:: Dataset extract ::
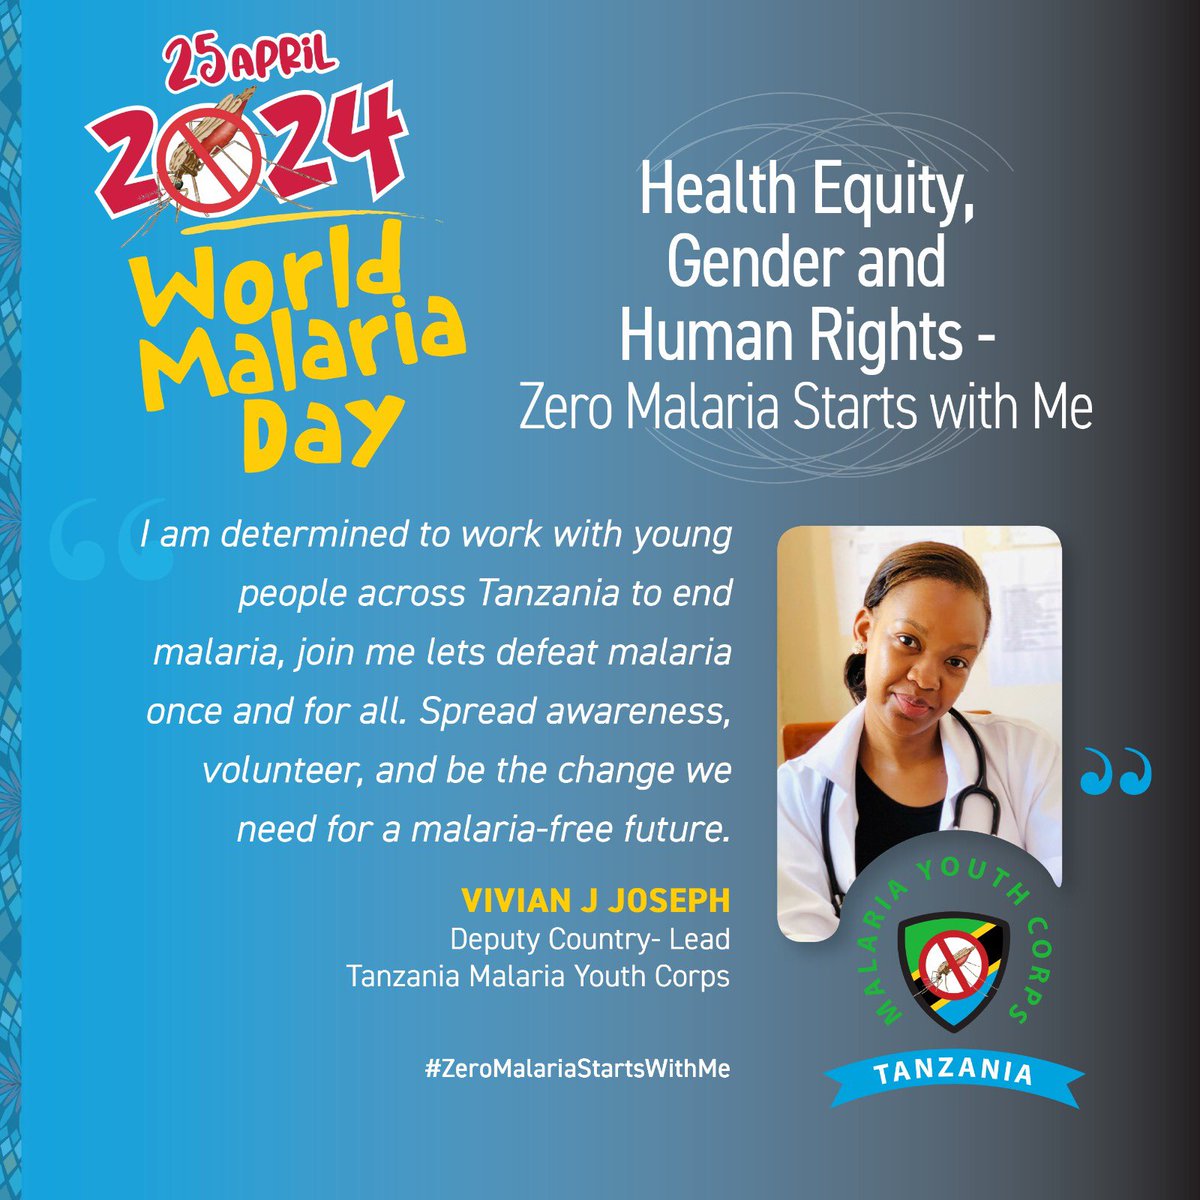 To mark World Malaria Day 2024 We are proud to have strong commitment from our deputy country lead @vivian_j_joseph who also leads the @SAYoF_SADC - let’s take action to #EndMalaria 🚫🦟 @ummymwalimu @wizara_afyatz #Tabora #Tanzania
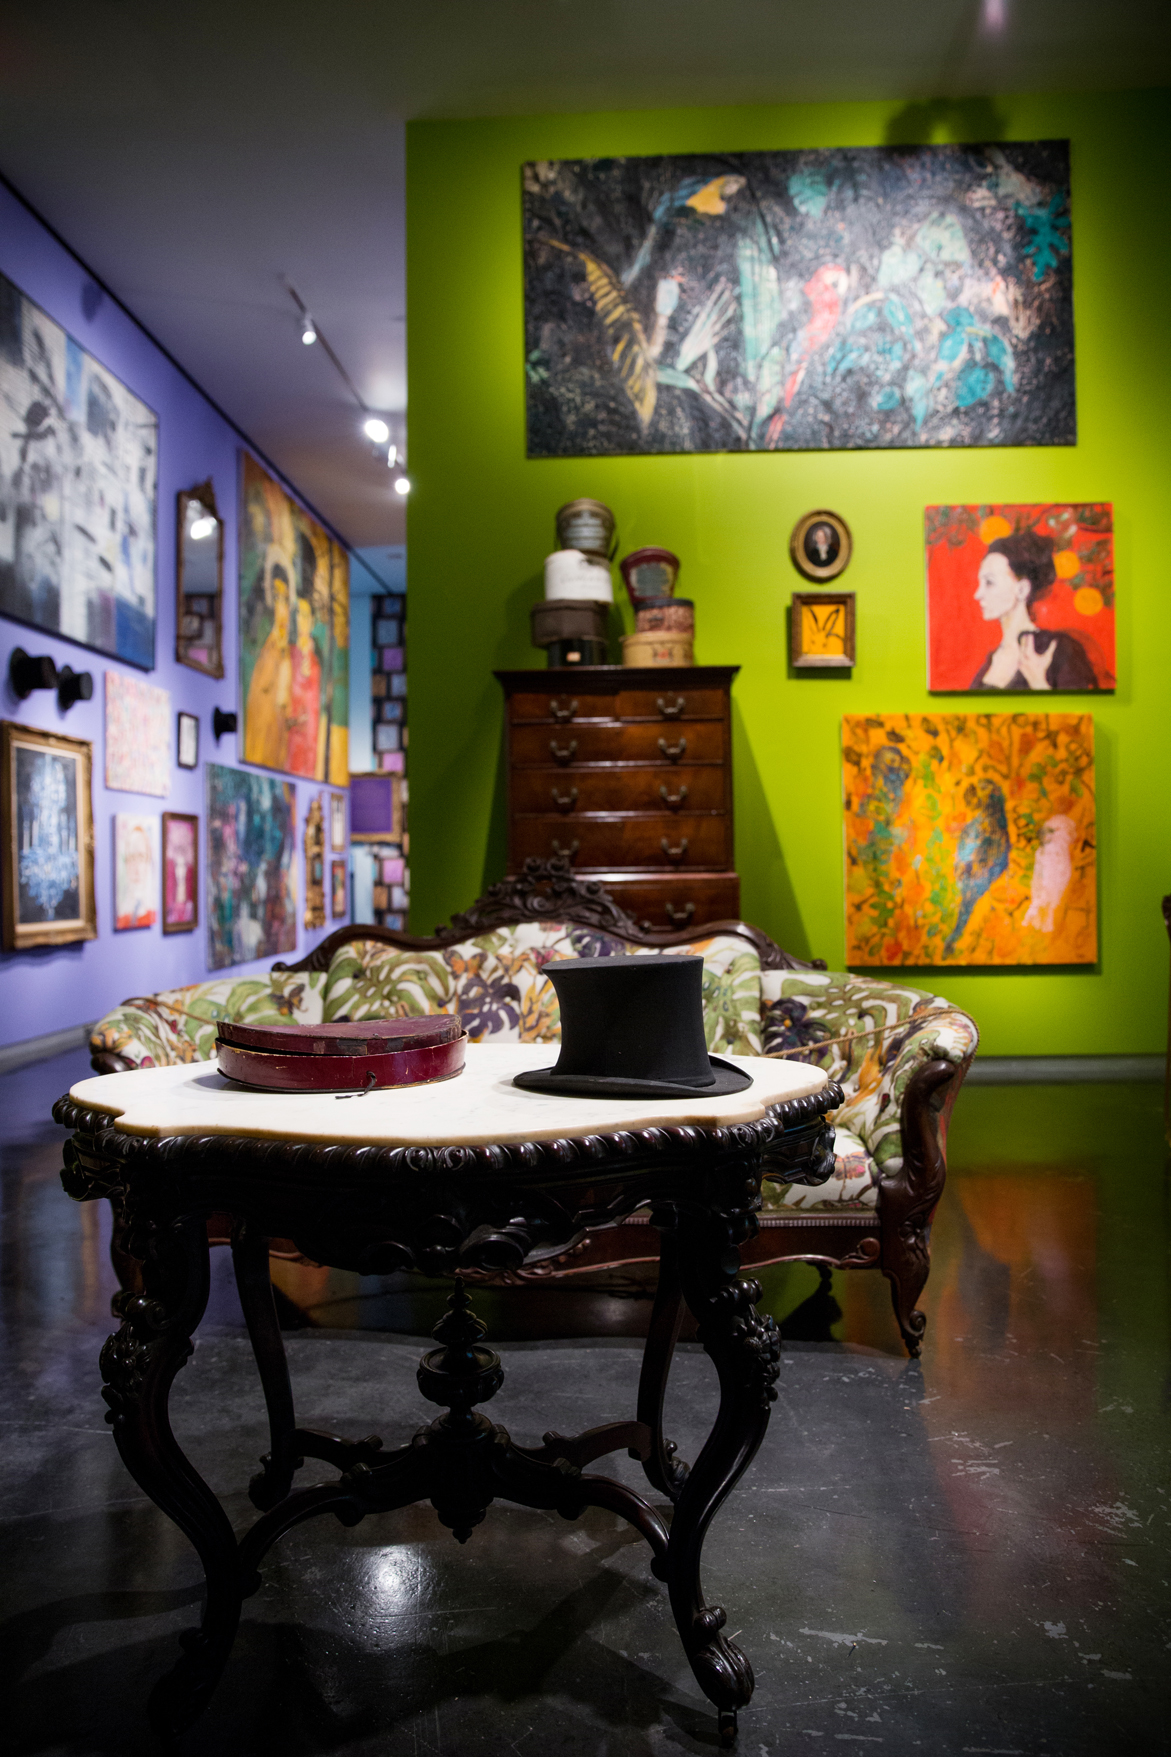 The exhibition space was made to reflect the design and character of Slonem’s own homes, with details such as antique chandeliers and pieces from his top hat collection.
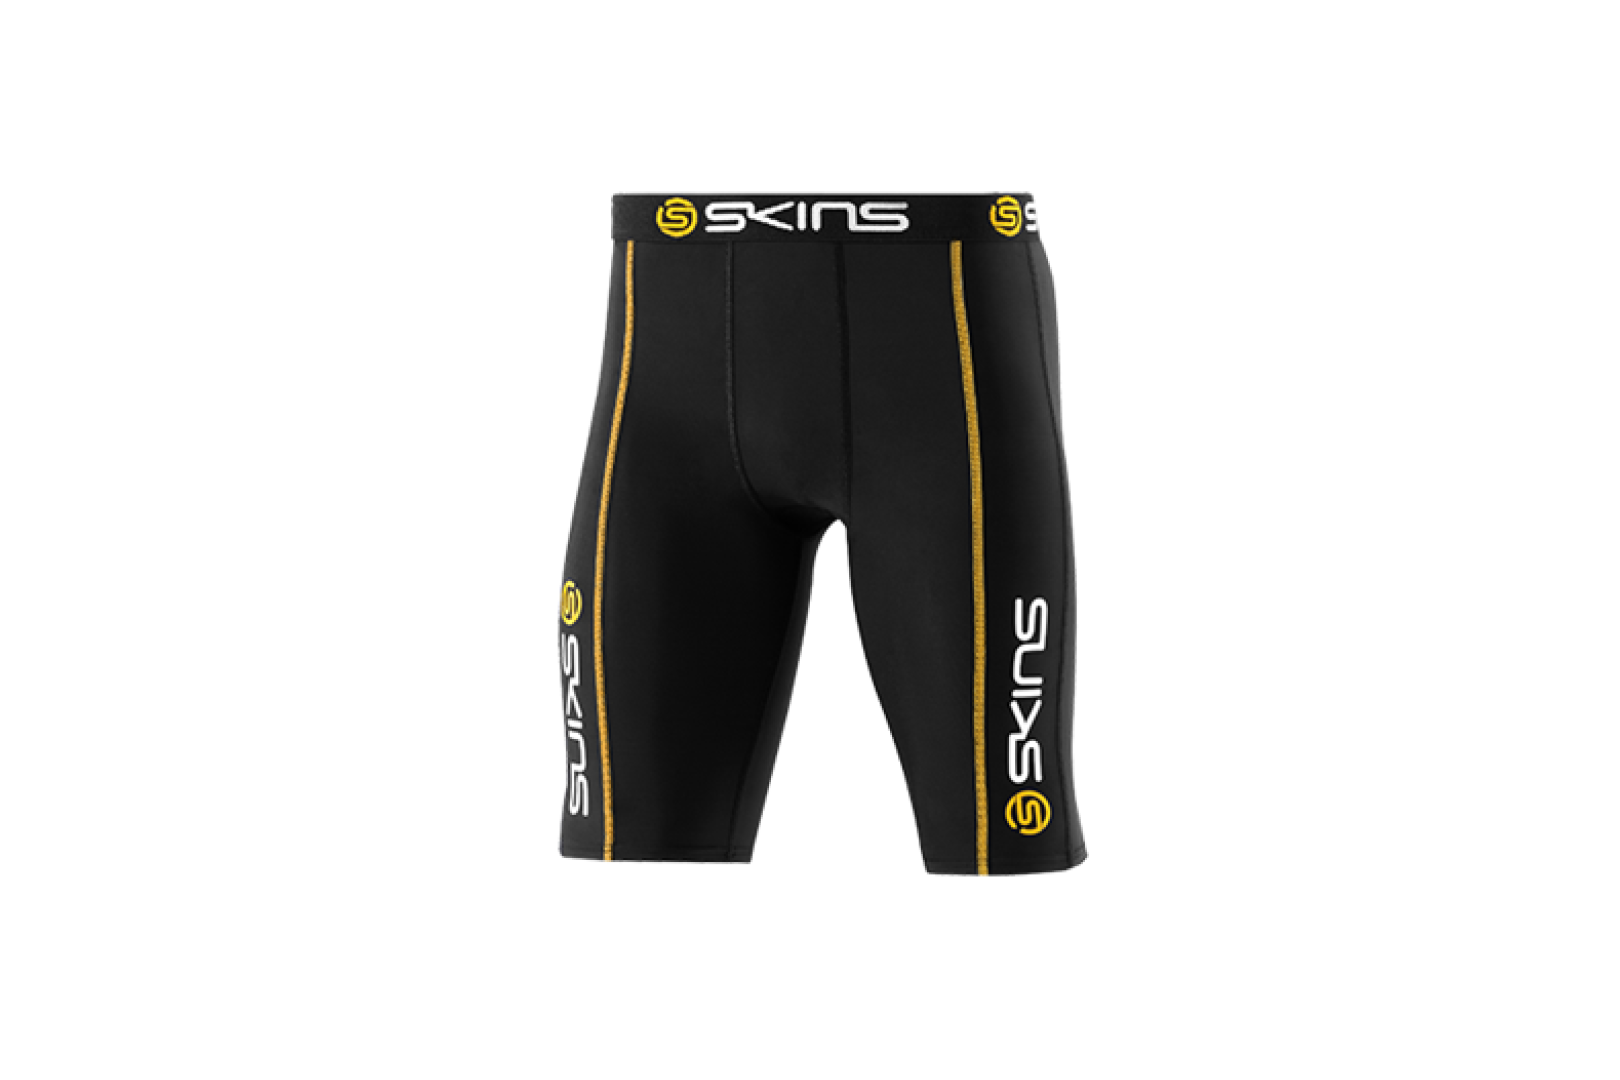 SKINS A400 Compression Tights Review
:::
= The problem =
Write out the lines of the listing from the one that holds "The exhibition space" to the very last line, both included, exactly as they appear and without any pictures.

= Result below =
 The exhibition space was made to reflect the design and character of Slonem’s own homes, with details such as antique chandeliers and pieces from his top hat collection.
 SKINS A400 Compression Tights Review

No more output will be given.